Thursday, 8 December 2011

My friend and I have been meeting regularly for lunch, every few months, for a great many years at a comfortable Victorian hotel.  This time there was a gap of almost a year.  Too long!  The shell is still there, the inside is transformed into something much more up-market, colder, sharper, smarter.  We had our lunch there, but for the last time.  Our tradition is broken.  No doubt they won't mind.

We had the habit of meeting in the foyer, but gone are the welcoming arm-chairs, and I was faced instead with standing beside a huge placard announcing the imminent opening of a Champagne Bar until my friend arrived - luckily straight away - we are the punctual generation!  We set off towards "our" restaurant, but immediately noted that it's no longer for us.  Glossy, expensive, it's not where we want to be.  We repaired to the Brasserie, but that, too had a chichi look.  Obviously the sort of place where you "wait to be seated" but nobody came forward for a while, and then without apology for the delay.  The menu was full of pretentious phrases describing the food - the calves liver was said to be "seared", sounding an inappropriate way of dealing with it!  The service was rather slow, but we didn't really notice staffthat, until afterwards when somebody approached us and asked about it.  Not wanting to get the waiter in trouble we said it was acceptable, but I missed the opportunity to say that service is the essence of a pretentious restaurant, and it is no good spending lots of money on decor if you are going to stint on staff.

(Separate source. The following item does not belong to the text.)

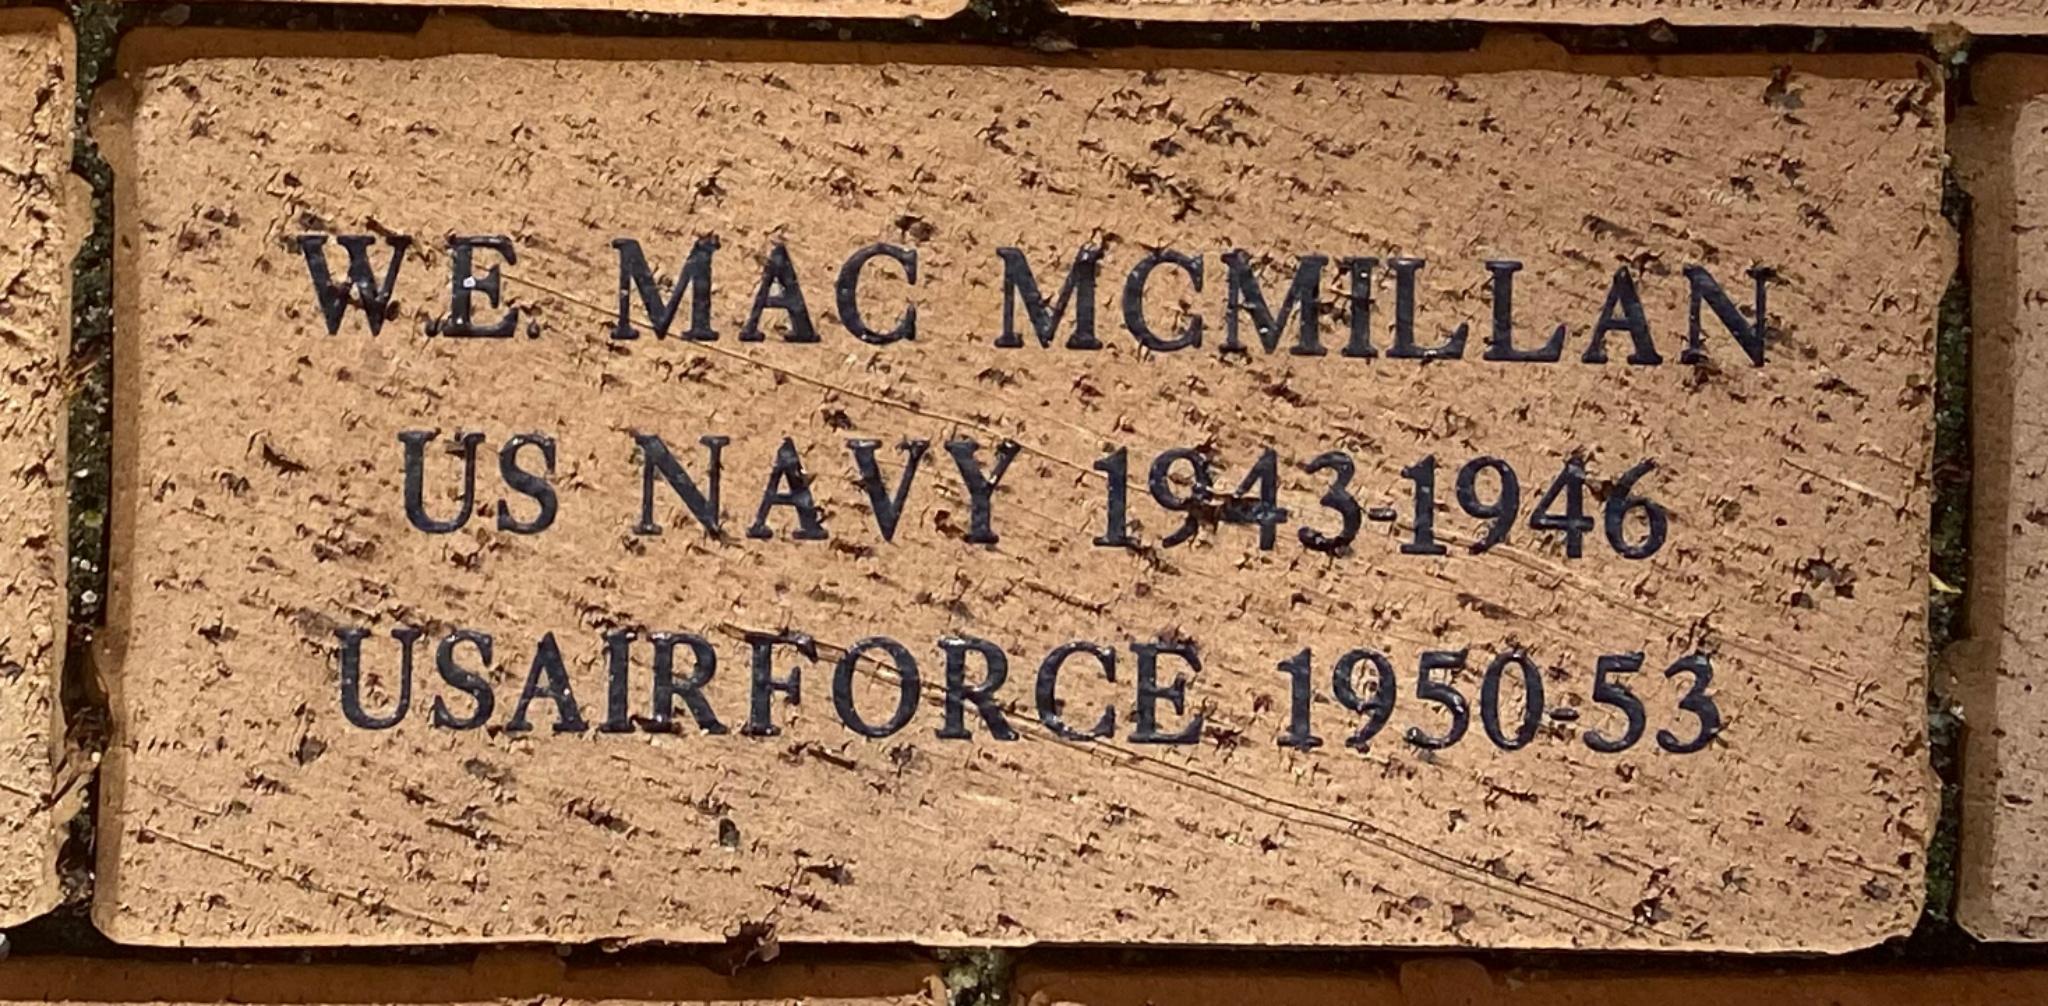 W.E. MAC MCMILLAN US NAVY 1943-1946 US AIRFORCE 1950-53
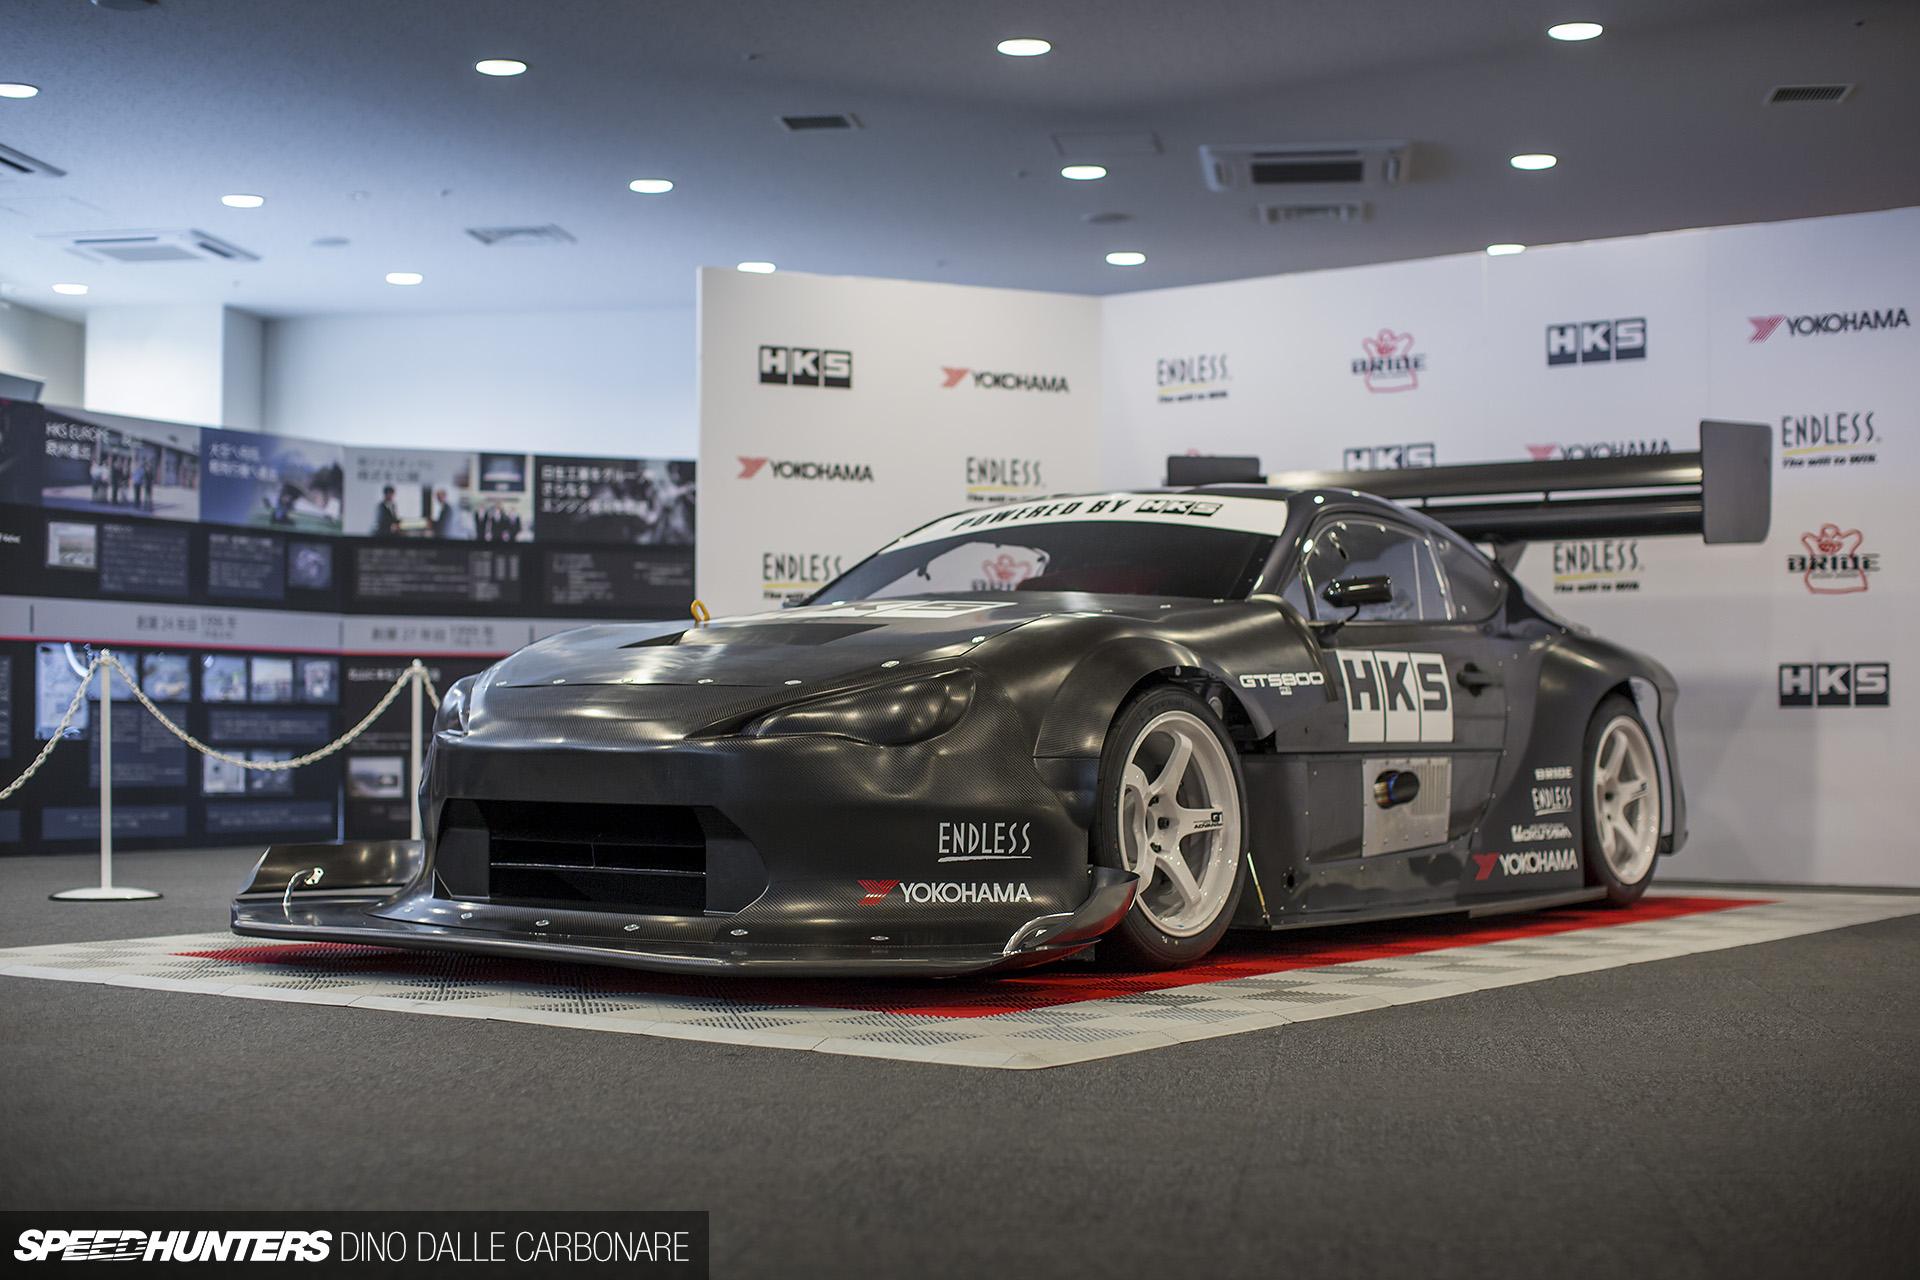 Hks Gts800 The Tsukuba Record Challenger Speedhunters

This was even more evident when, wanting to have coffee in the lounge, we discovered it was unaccountably closing at 4 p.m., though an important-looking man did summon a scarce waiter to bring us some in the corridor.

Of course, as everywhere, the toilets are superb.  But they were perfectly adequate before.

Money seems available for everything except what matters most, people!  It is the way you are treated that makes you want to come back.  But I suppose I haven't got it right.  All those marketing managers can't be wrong, can they?